It doesn't look like a bad place to call home, all things considered. Edgar had never been happy in the town, neither of them had, but it was Edgar with the plans to leave; to pack his bags one day, take Alan and Sam with him and make a new life in the daylight. Obviously, it hadn't happened. The hanging garlic, the wooden stake outside by the door, everything about this place, screams loudly that Edgar is still hunting. Alan feels a jolt of pride at that. His brother doesn't give up, not for anything.

It is in part that quality that has kept Alan away for so long.

He touches his feet to the ground by the first warning sign, on what looks like the very edge of Edgar's property, and approaches on foot.

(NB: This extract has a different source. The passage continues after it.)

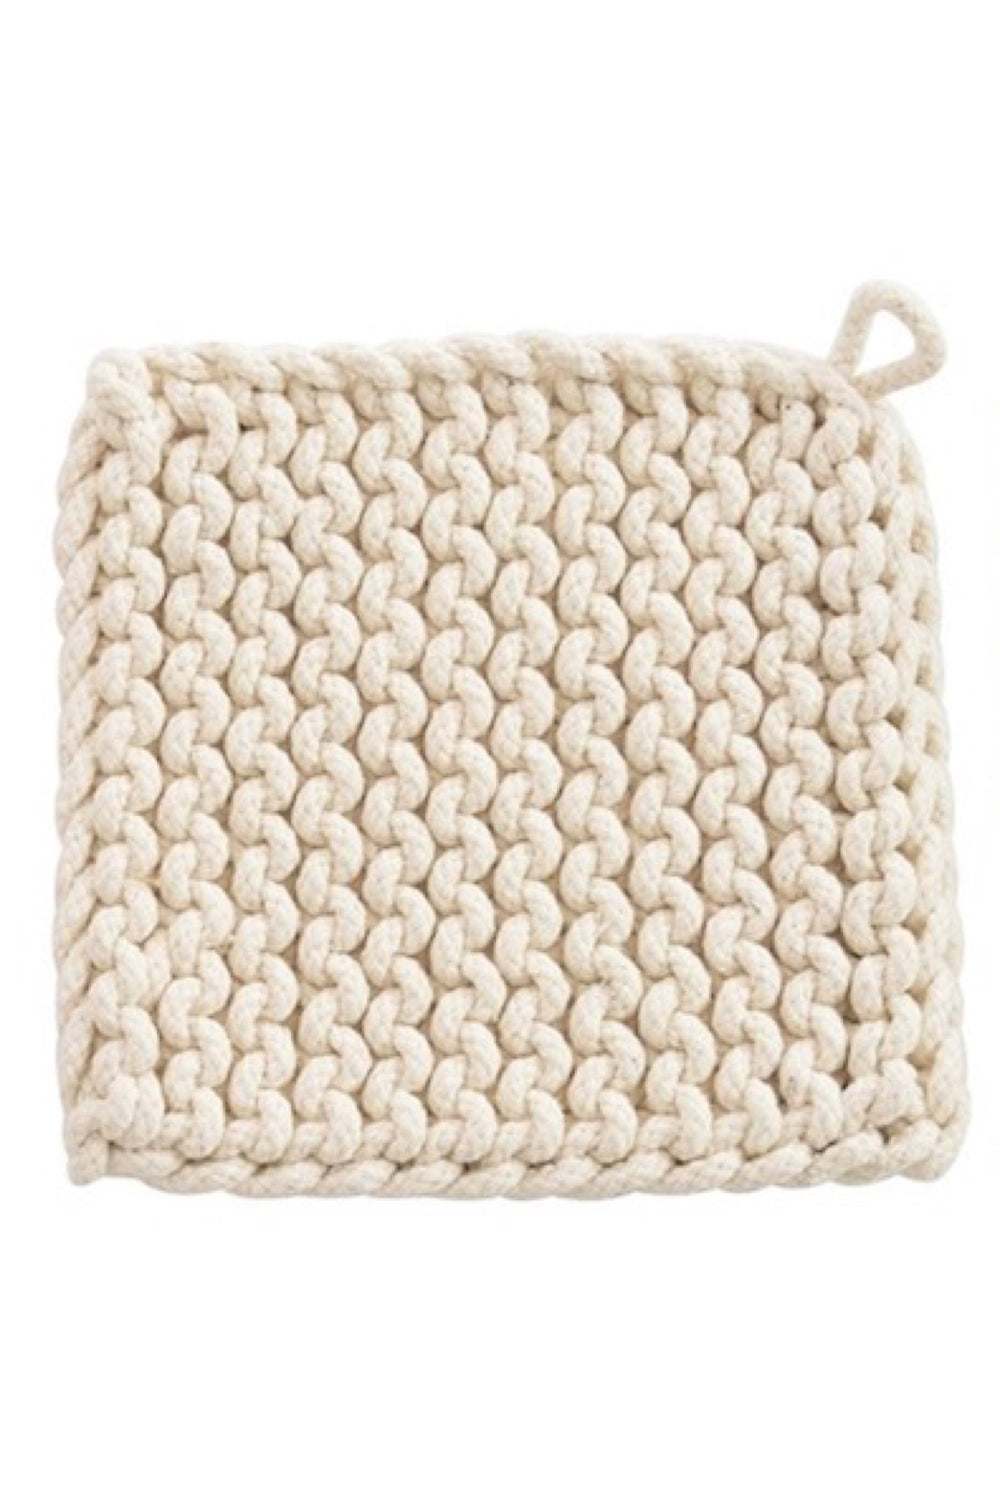 Crochet Pot Holder 002

There is a truck parked just outside the ring of salt, painted black and red. It looks old and beaten up, but on second glance it is relatively new. The wheels have kicked up the stones that litter the ground, and covered the paint in tiny scratches combined with the layer of dusty grime that covers the sides, it gives the impression that the dirt has begun eating into the paint.

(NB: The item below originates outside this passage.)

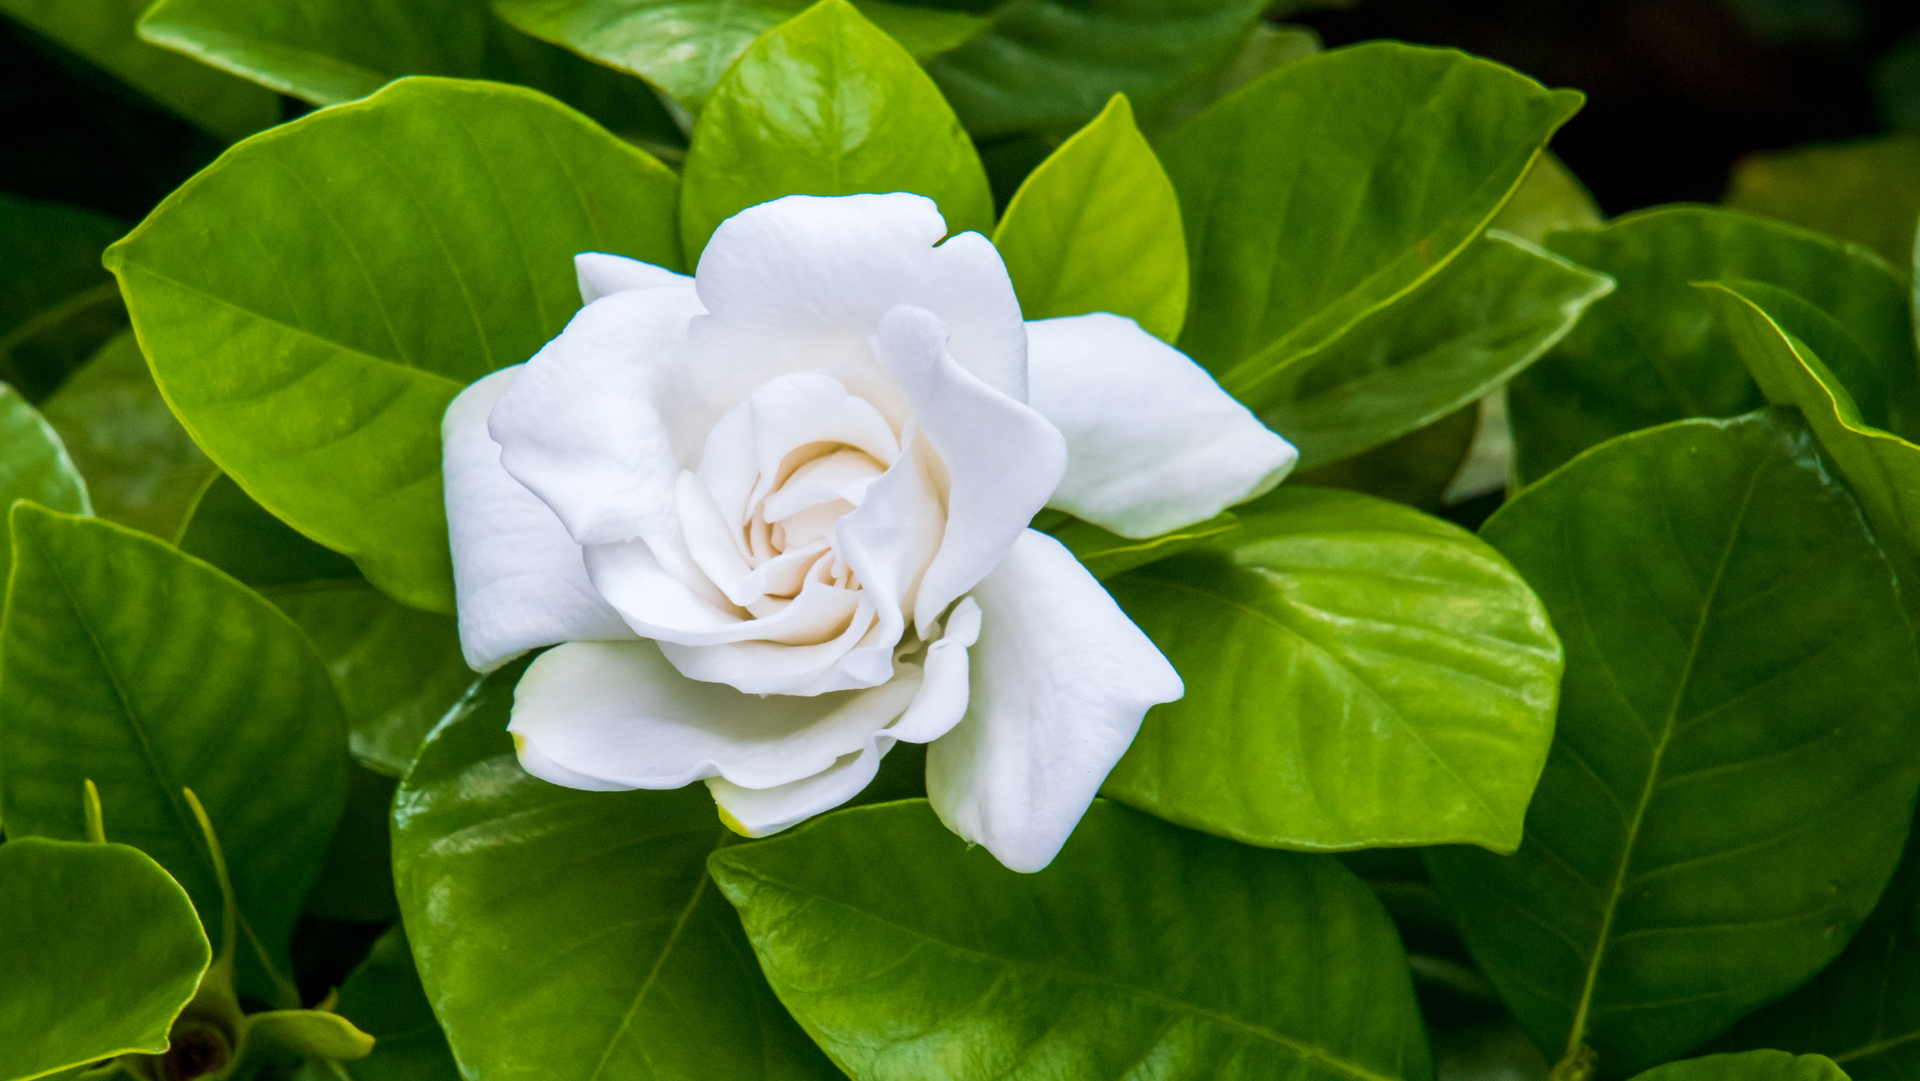 Na tym zdjęciu możemy zobaczyć uroczy biały kwiatek doniczkowy w pełnym rozkwicie. Jego delikatne płatki i subtelny aromat sprawiają, że jest to idealna roślina do ozdabiania wnętrz

On the door is a stenciled motif that reads 'Frog Brothers'. The same thing is written again on the door to the trailer itself. The words take Alan by surprise, and he finds himself staring at them. They stare back at him defiantly, and a ghost of a smile crosses his face.

The Frog brothers had ceased to exist on the night that a vampire had bit into its own wrist and pressed the wound to his lips, forcing him to choke down the poison that ran through its veins. But there it is. In Edgar's mind they are still a team. That truck is either a testament to his brother's obstinate determination to not allow things to change, or a tribute to a brother he believes long dead. Alan wonders which.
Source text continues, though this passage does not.